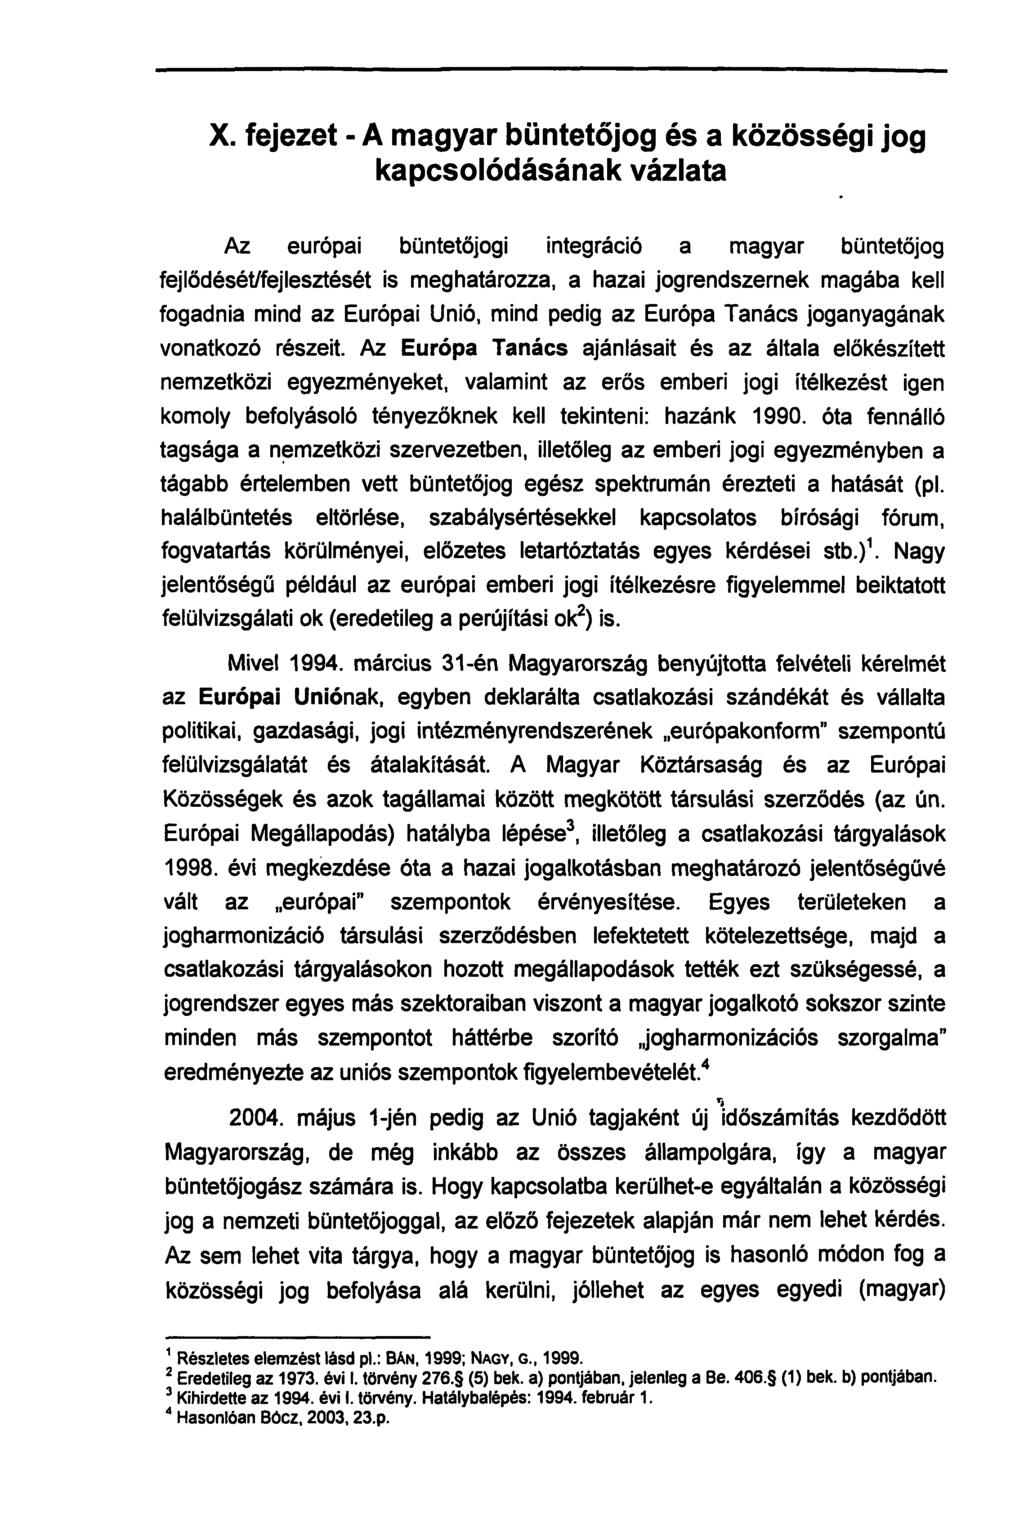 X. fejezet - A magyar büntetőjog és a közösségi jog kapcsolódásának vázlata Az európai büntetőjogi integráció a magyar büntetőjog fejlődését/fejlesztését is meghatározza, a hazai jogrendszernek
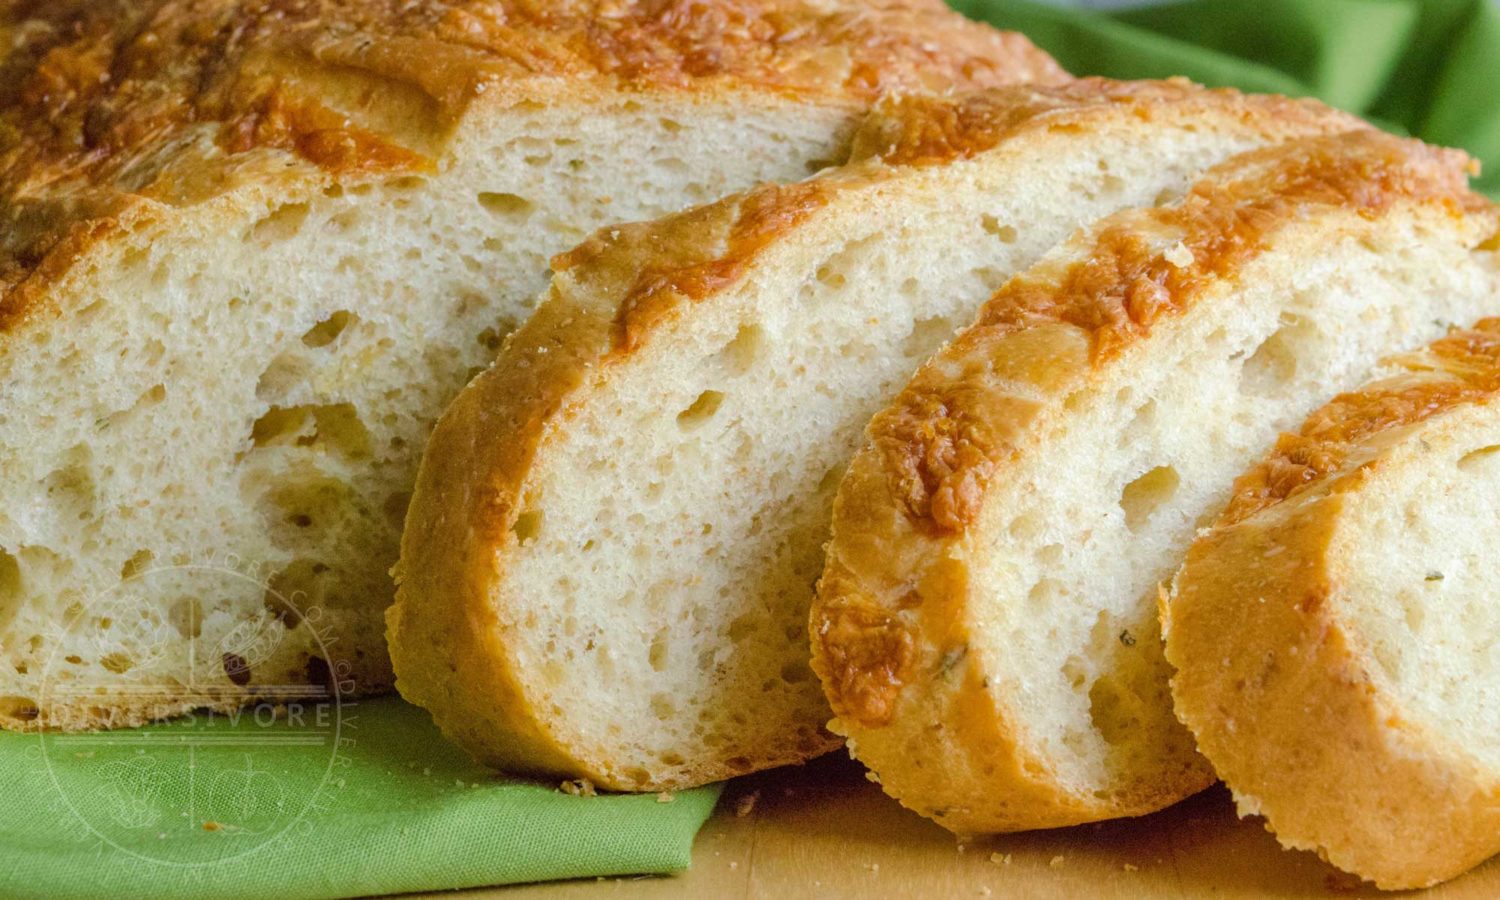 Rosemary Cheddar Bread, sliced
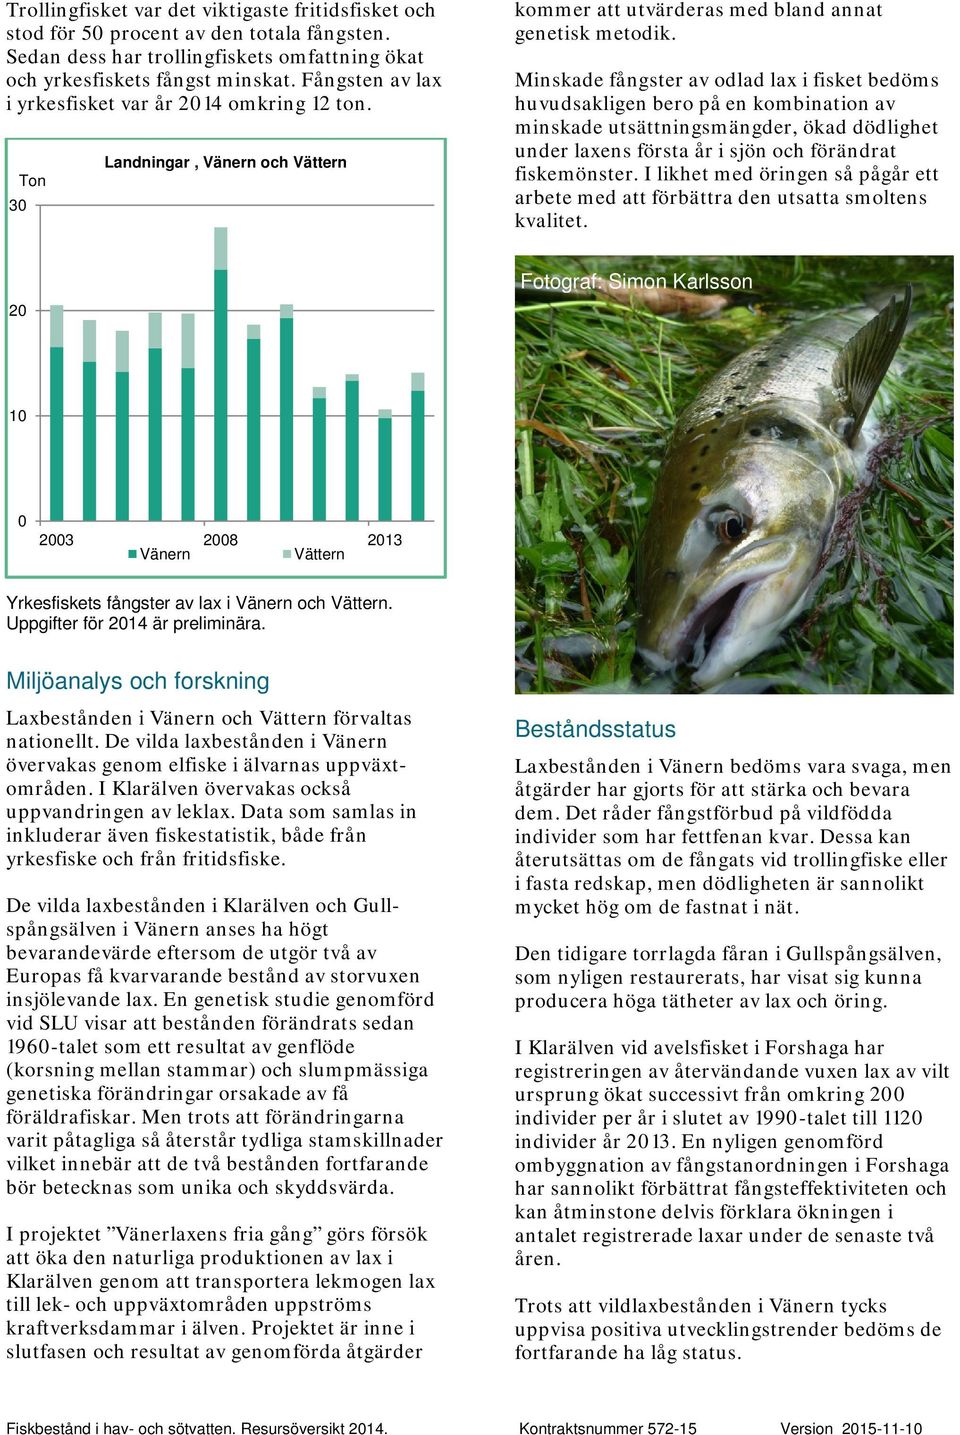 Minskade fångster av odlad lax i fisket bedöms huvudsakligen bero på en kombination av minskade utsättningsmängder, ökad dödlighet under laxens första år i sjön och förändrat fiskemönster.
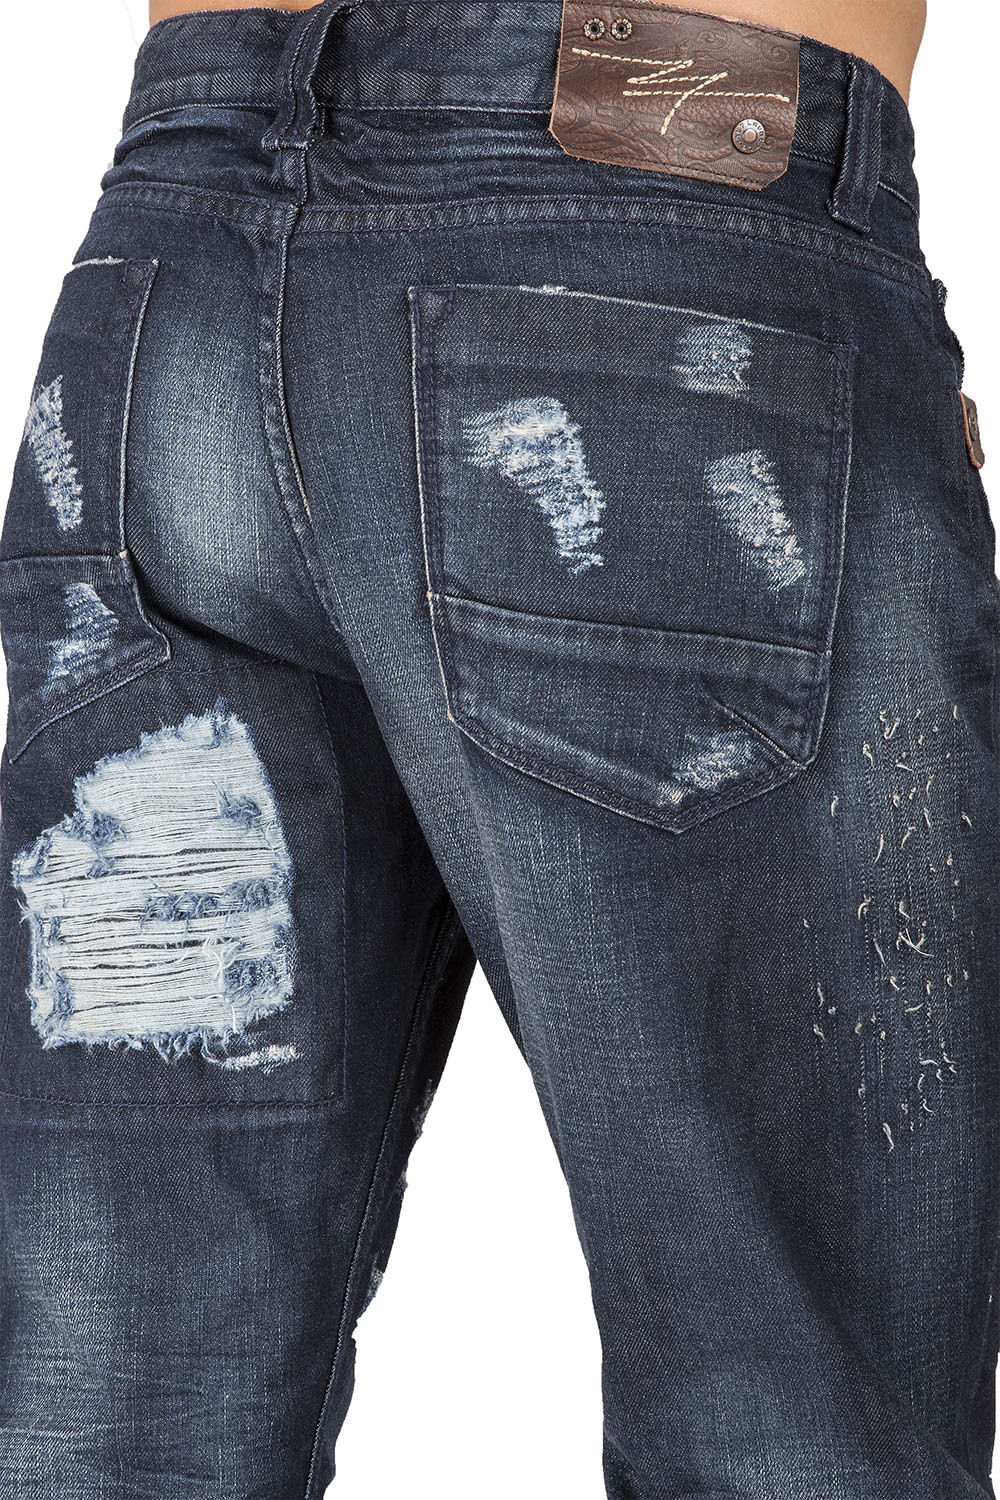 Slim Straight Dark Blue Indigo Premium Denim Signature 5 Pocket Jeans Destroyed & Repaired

PROBLEM TO SOLVE: Reproduce the listing above exactly, without a single picture.

OUTPUT FOR THIS TASK:
 X. fejezet - A magyar büntetőjog és a közösségi jog kapcsolódásának vázlata Az európai büntetőjogi integráció a magyar büntetőjog fejlődését/fejlesztését is meghatározza, a hazai jogrendszernek
 Rosemary Cheddar Bread, sliced
 Minskade fångster av odlad lax i fisket bedöms huvudsakligen bero på en kombination av minskade utsättningsmängder, ökad dödlighet under laxens första år i sjön och förändrat fiskemönster.
 Slim Straight Dark Blue Indigo Premium Denim Signature 5 Pocket Jeans Destroyed & Repaired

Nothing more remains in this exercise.